#### WHAT TO DO
Wherever pictures appear in the listing below, leave them out, and copy exactly, and only, everything from the line with "Girl holding bouquet of flowers Stock Photo" down to the line with "Confident woman working".

#### STORED DATA
──────────
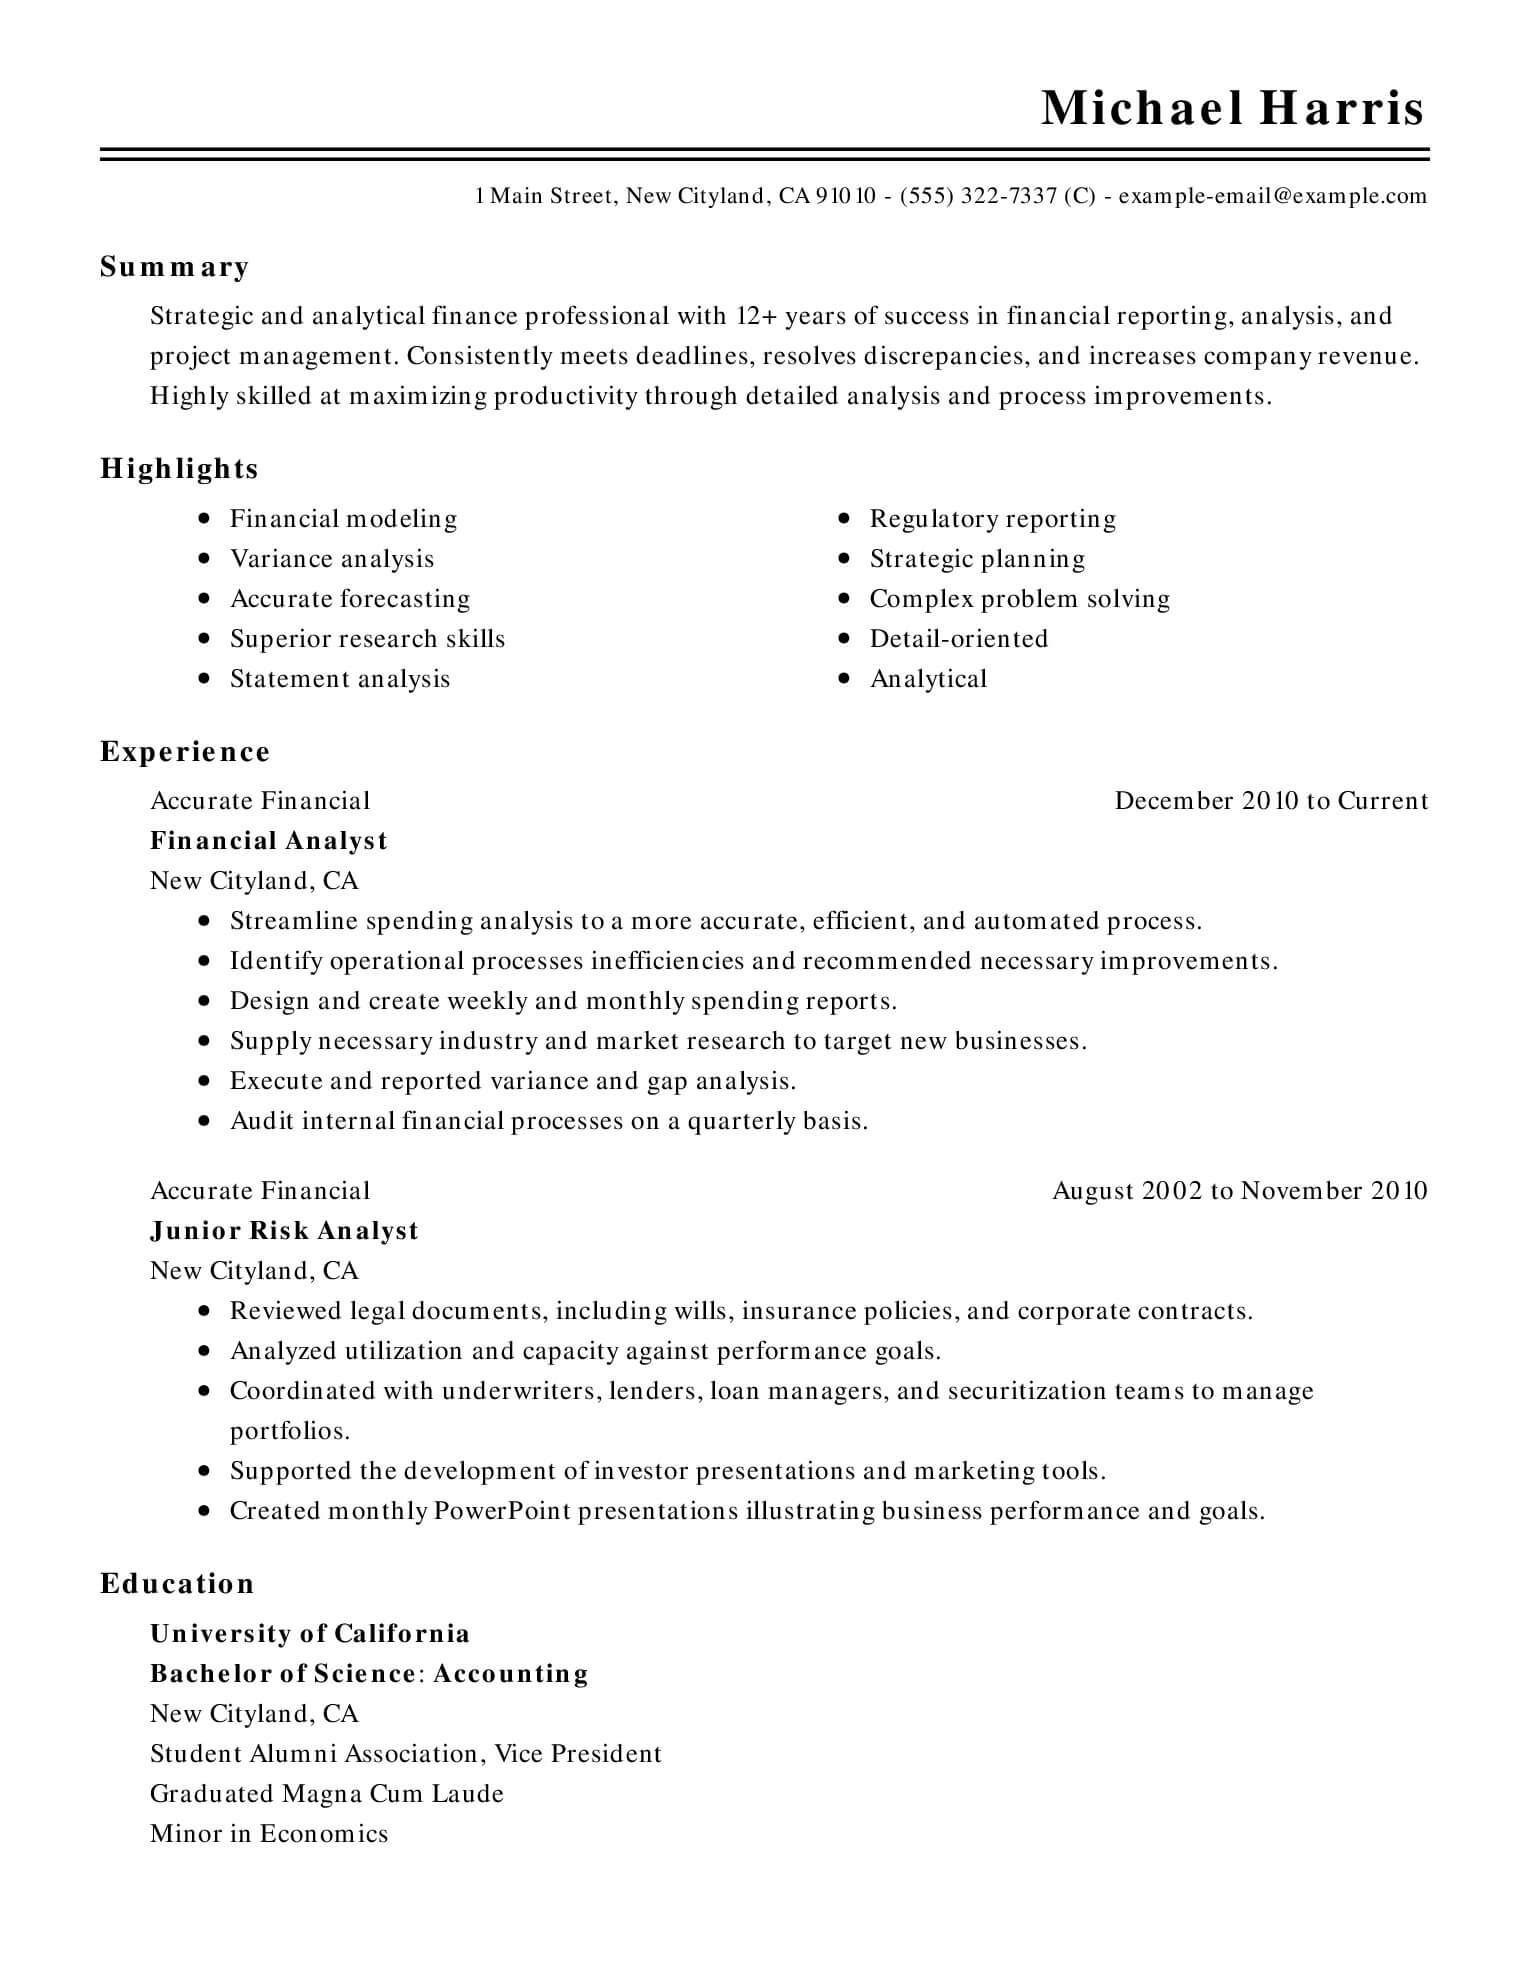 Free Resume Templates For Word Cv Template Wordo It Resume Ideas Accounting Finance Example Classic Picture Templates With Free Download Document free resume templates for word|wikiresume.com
──────────
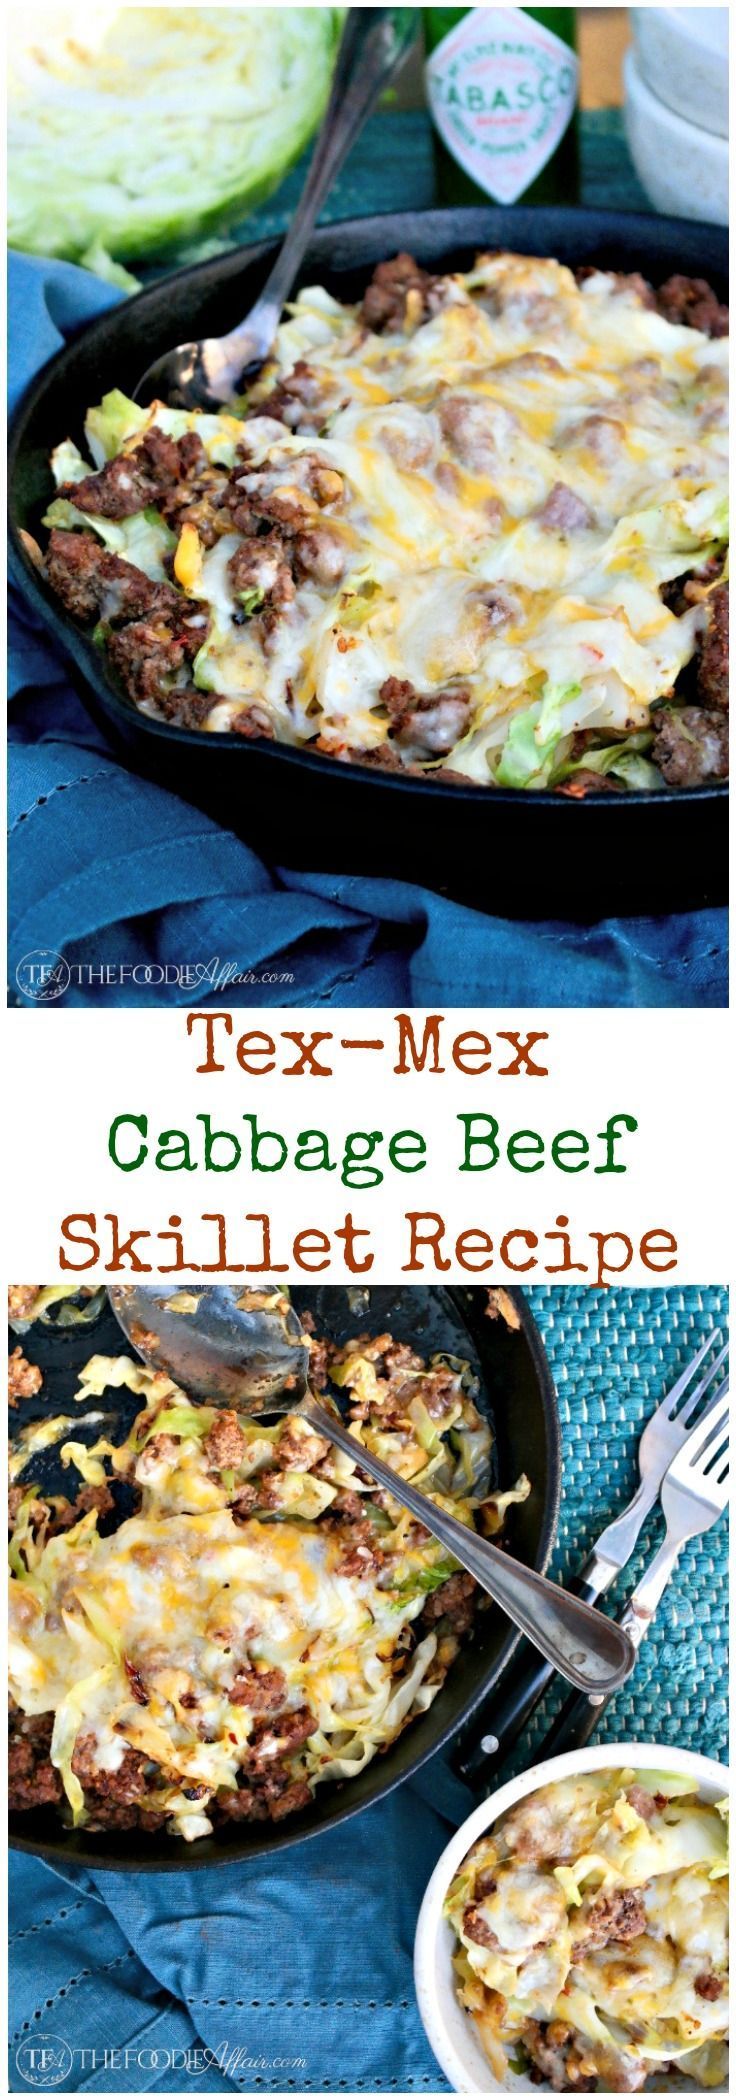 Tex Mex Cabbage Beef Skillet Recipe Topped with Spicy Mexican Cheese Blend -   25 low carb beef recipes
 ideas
──────────
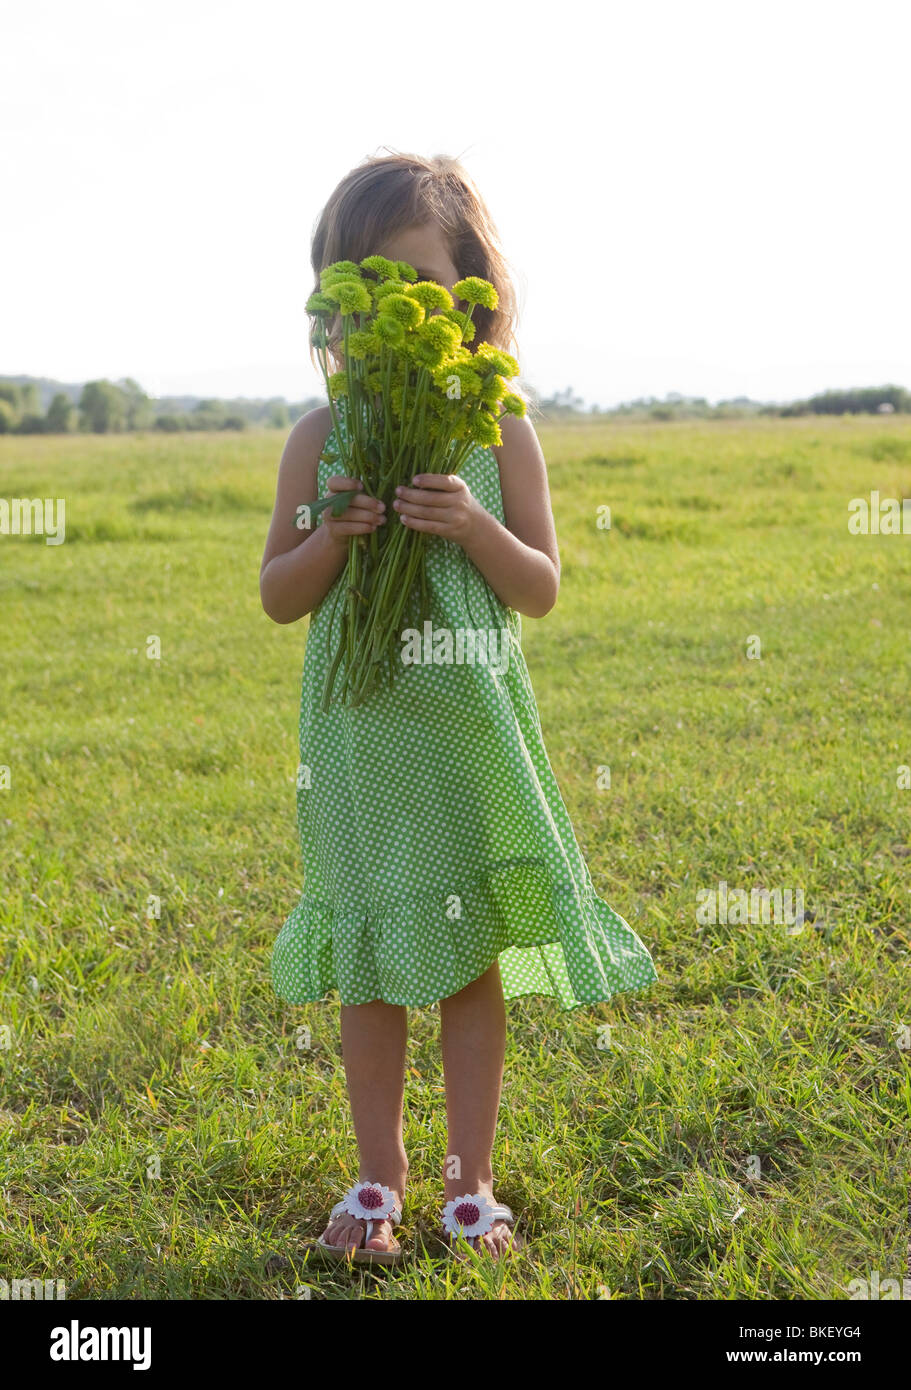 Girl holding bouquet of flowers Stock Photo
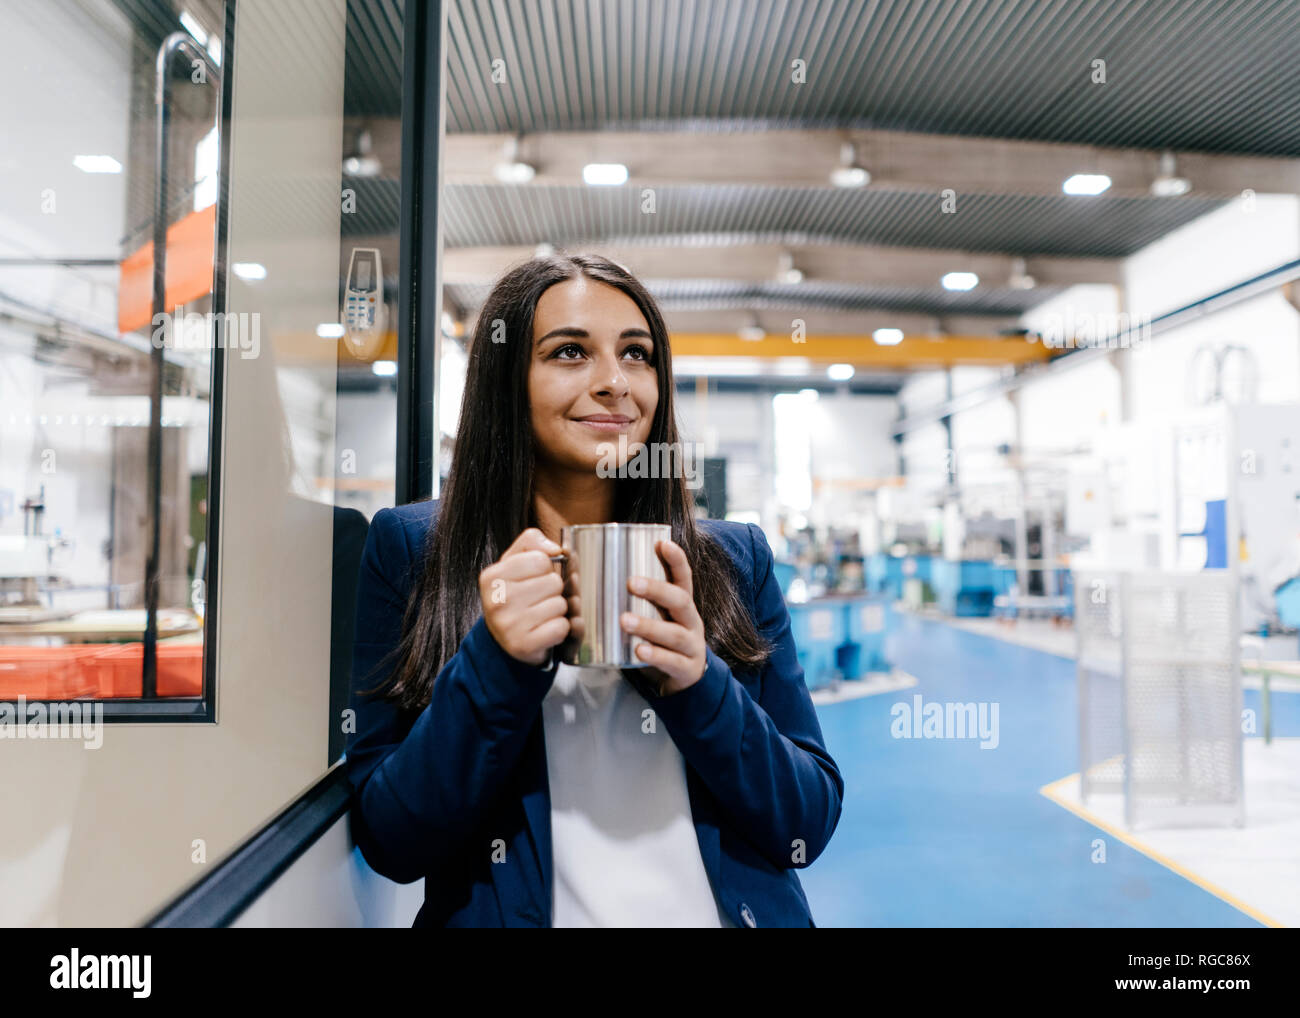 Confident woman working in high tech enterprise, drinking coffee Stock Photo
──────────
#### RESULT OF THE TASK
 Girl holding bouquet of flowers Stock Photo
 Confident woman working in high tech enterprise, drinking coffee Stock Photo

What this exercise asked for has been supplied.